I'm building out a search to look through email logs. The main search is fine, but I'd like to add fields showing when an email domain was first seen on our network, whether that be yesterday or three years ago.
I was initially considering some kind of sub-search but I'm not sure how much something like that would impact my search time wherein I'm searching through several years of data every time I run the search. The only fields I'd care about are the domain field and the _time field, so I could cut out the rest, but I don't think that'd be enough.
In this instance, would it be better to setup an accelerated data model instead and have it update at an interval(once every four hours, maybe?)? Or some kind of lookup table, perhaps? I also considered summary indexing, but I don't know enough about the specific of that feature set to draw any conclusions.
Just looking to see what my best option is~ I plan to pass this search to SOC analysts to help them search through email, hence it'd be a search run frequently.
I ended up choosing a little of all options! Created an accelerated data model to gather the data then used tstats in a report to actually process the data. That report uses outputlookup to create a lookup file from the report and is scheduled to run every 15 minutes and update the CSV with new data.
I ended up choosing a little of all options! Created an accelerated data model to gather the data then used tstats in a report to actually process the data.

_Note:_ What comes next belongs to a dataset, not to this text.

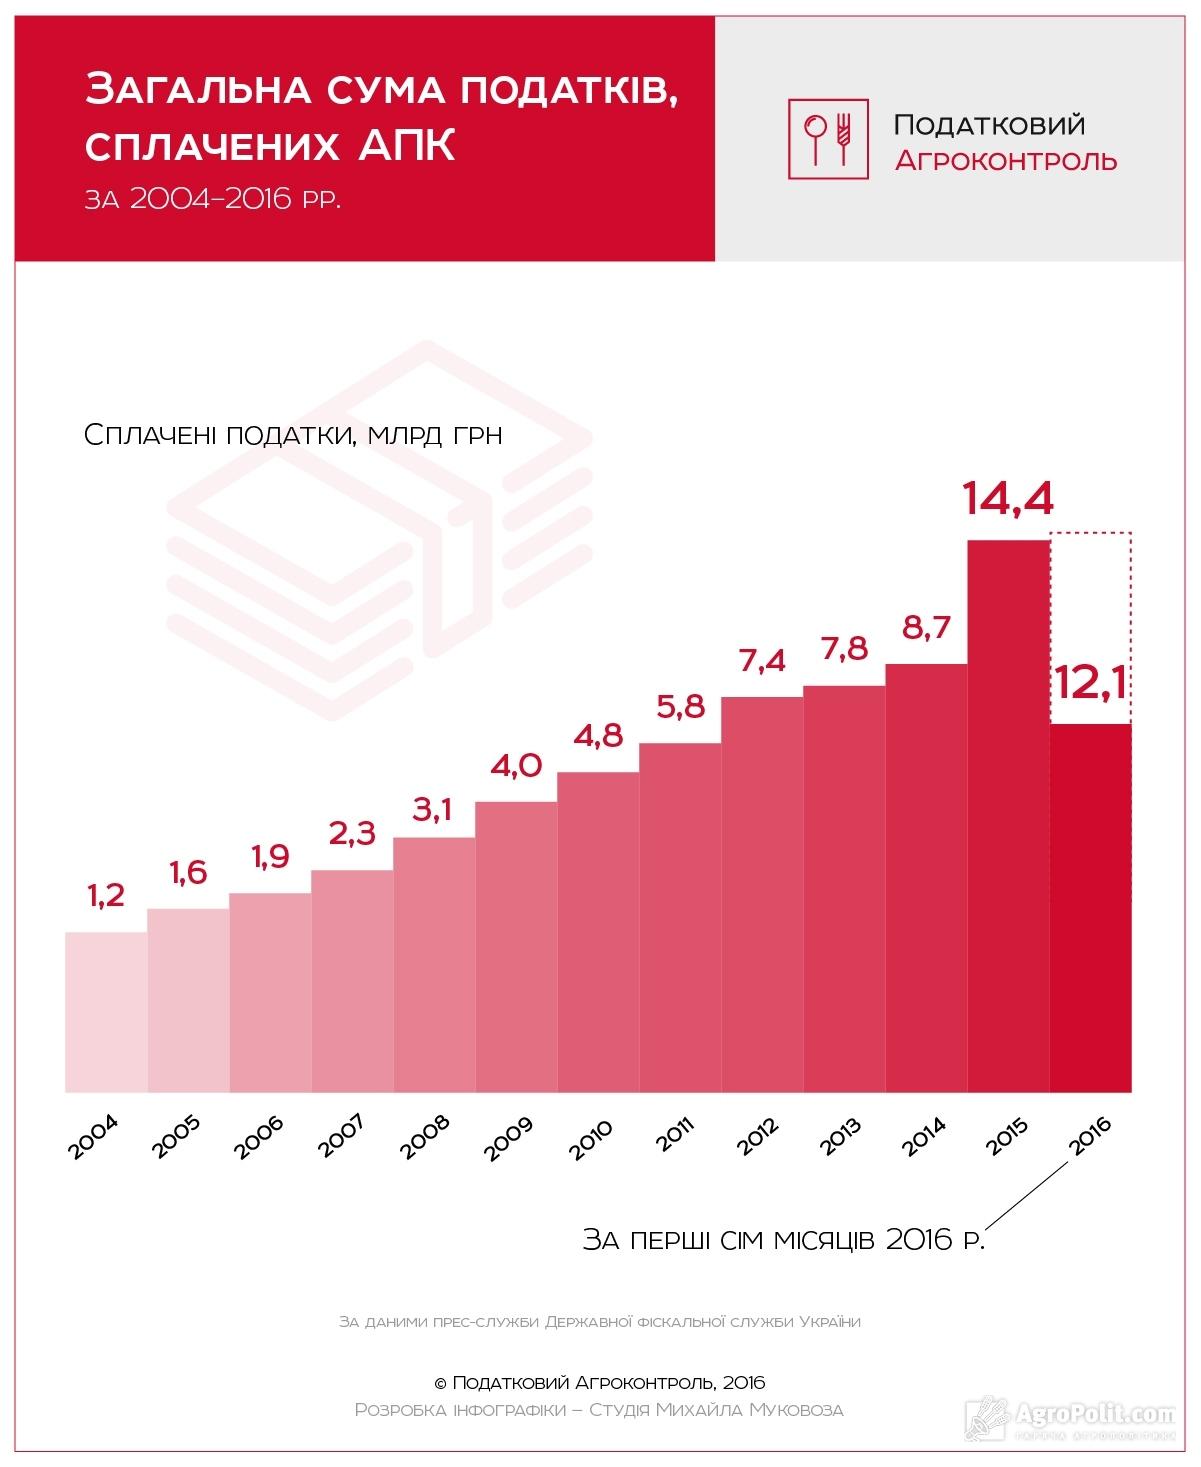 Общая сумма уплаченных налогов аграриями за 2004-2016 гг.

That report uses outputlookup to create a lookup file from the report and is scheduled to run every 15 minutes and update the CSV with new data.
I think easiest approach could be use a summary index or a lookup table.
Eg. for lookup table
index=email
| stats earliest(_time) as first_seen by domain
| outputlookup domain_first_seen.csv
Then in your main search add lookup or use appendcols/join if you are using summary index.
index=email
| lookup domain_first_seen.csv domain OUTPUT first_seen
Regards,
Prewin
If this answer helped you, please consider marking it as the solution or giving a Karma. Thanks!
Building a lookup is perhaps the easiest. Assuming domain is already extracted, you could do
sourcetype = mailstuff domain=* earliest=0
| stats min(_time) as first_seen by domain
| output lookup DomainFirstAppeared
Of course, you need to define lookup DomainFirstAppeared.
After this, you can add this field first_seen in any search using lookup command, like this
sourcetype = mailstuff
| lookup DomainFirstAppeared domain